BEGIN
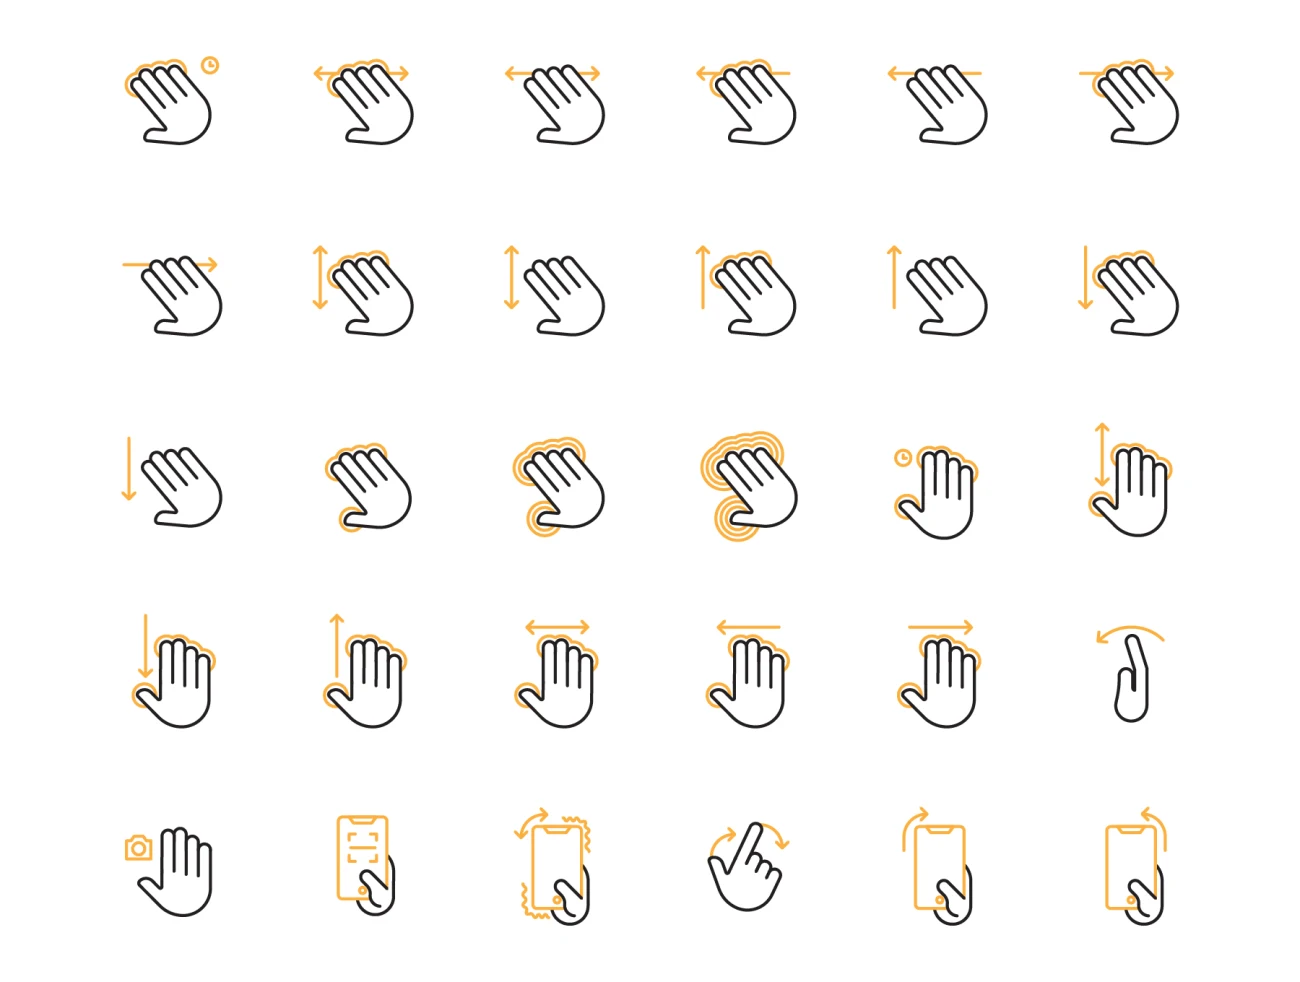 300款手势操作图标素材下载 300 Hand Gesture Icon Set .svg .png .jpeg插图11
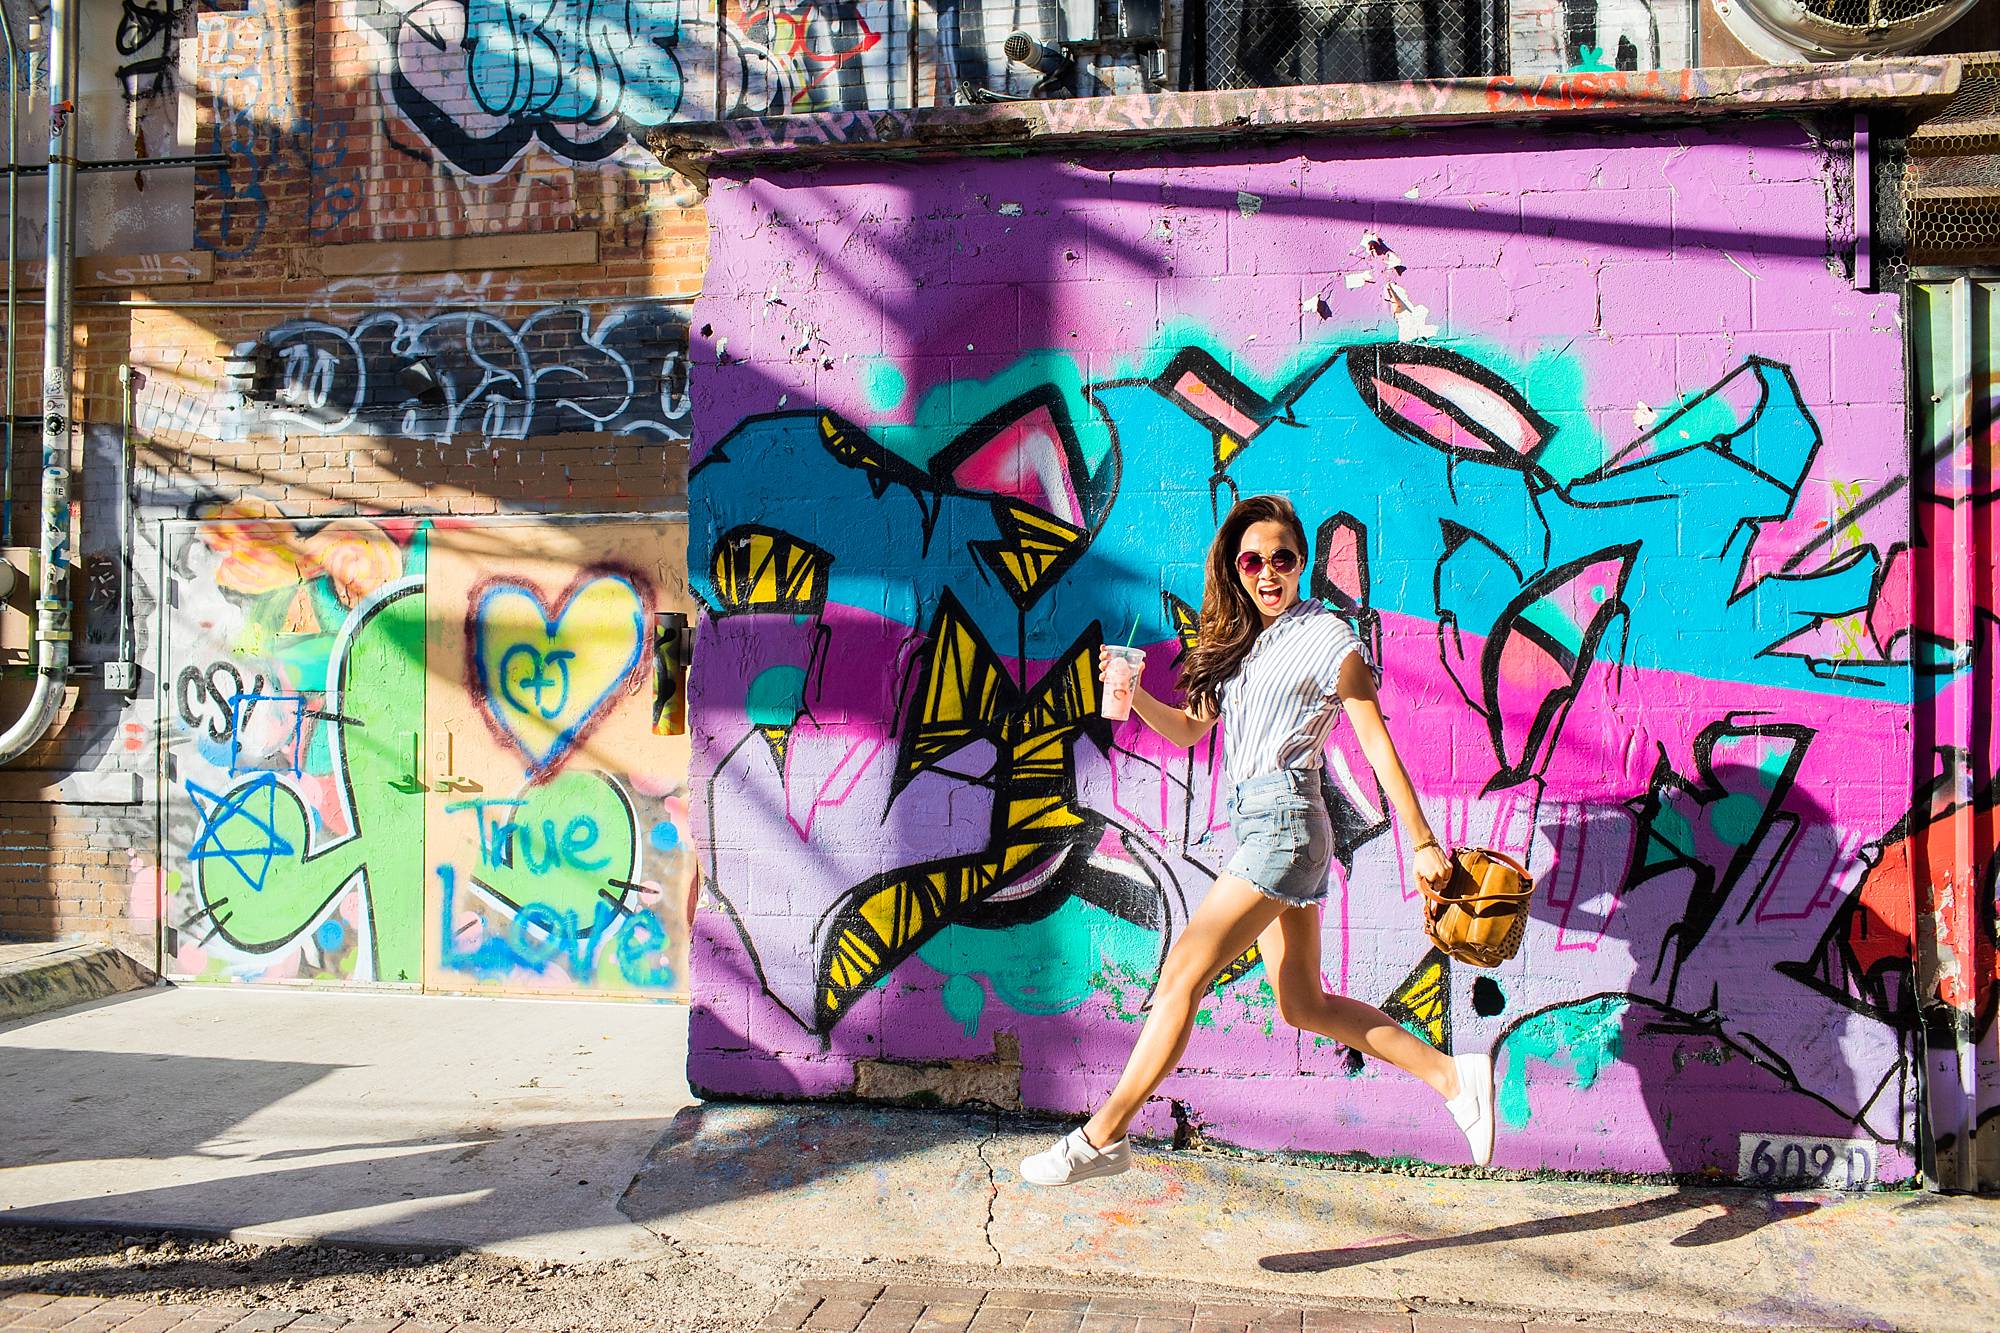 art alley graffiti walls in rapid city, South Dakota blogger Diana Elizabeth jumping in air
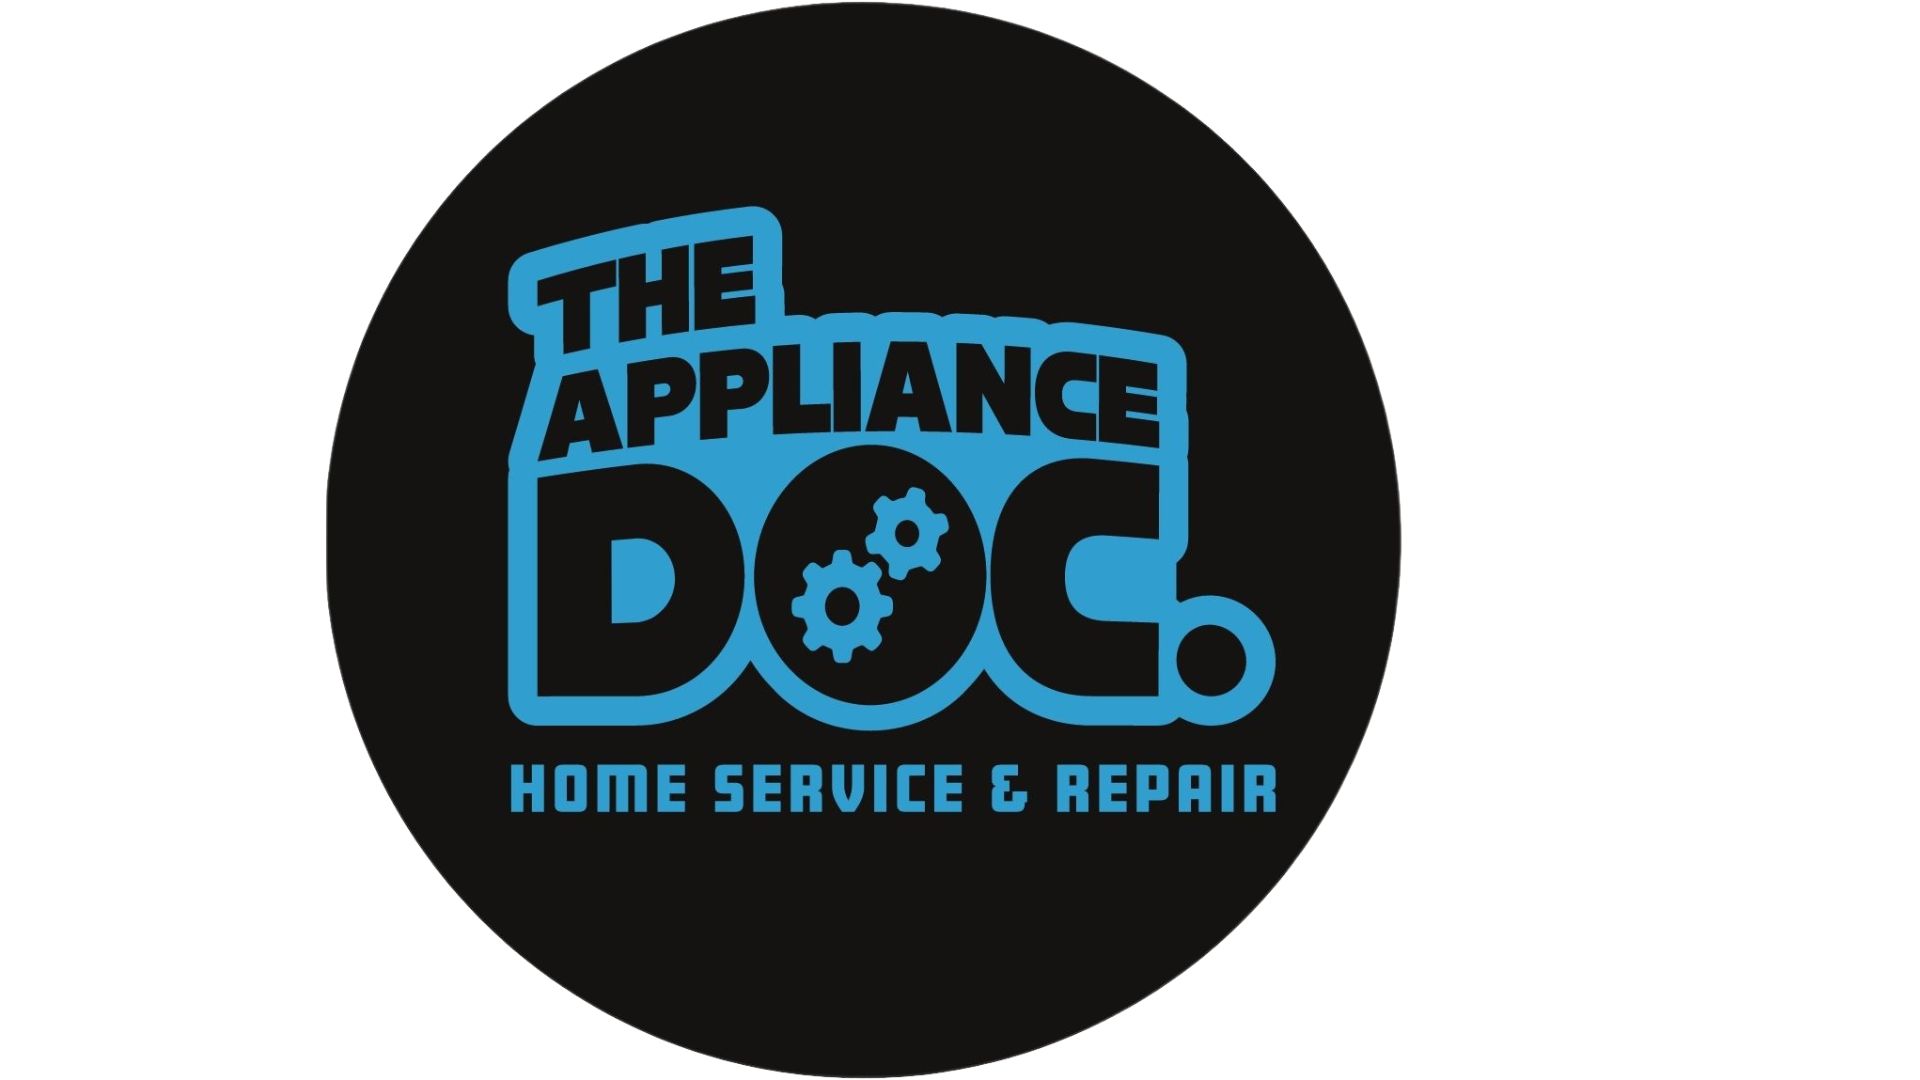 The Appliance Doc. - Denis & Amy Kilimnik
END
Exercise brief –
Exactly as they stand, write the lines from the one holding "art alley graffiti" to the end of the material, both ends included. Do not copy the pictures.

Problem solution –
 art alley graffiti walls in rapid city, South Dakota blogger Diana Elizabeth jumping in air
 The Appliance Doc. - Denis & Amy Kilimnik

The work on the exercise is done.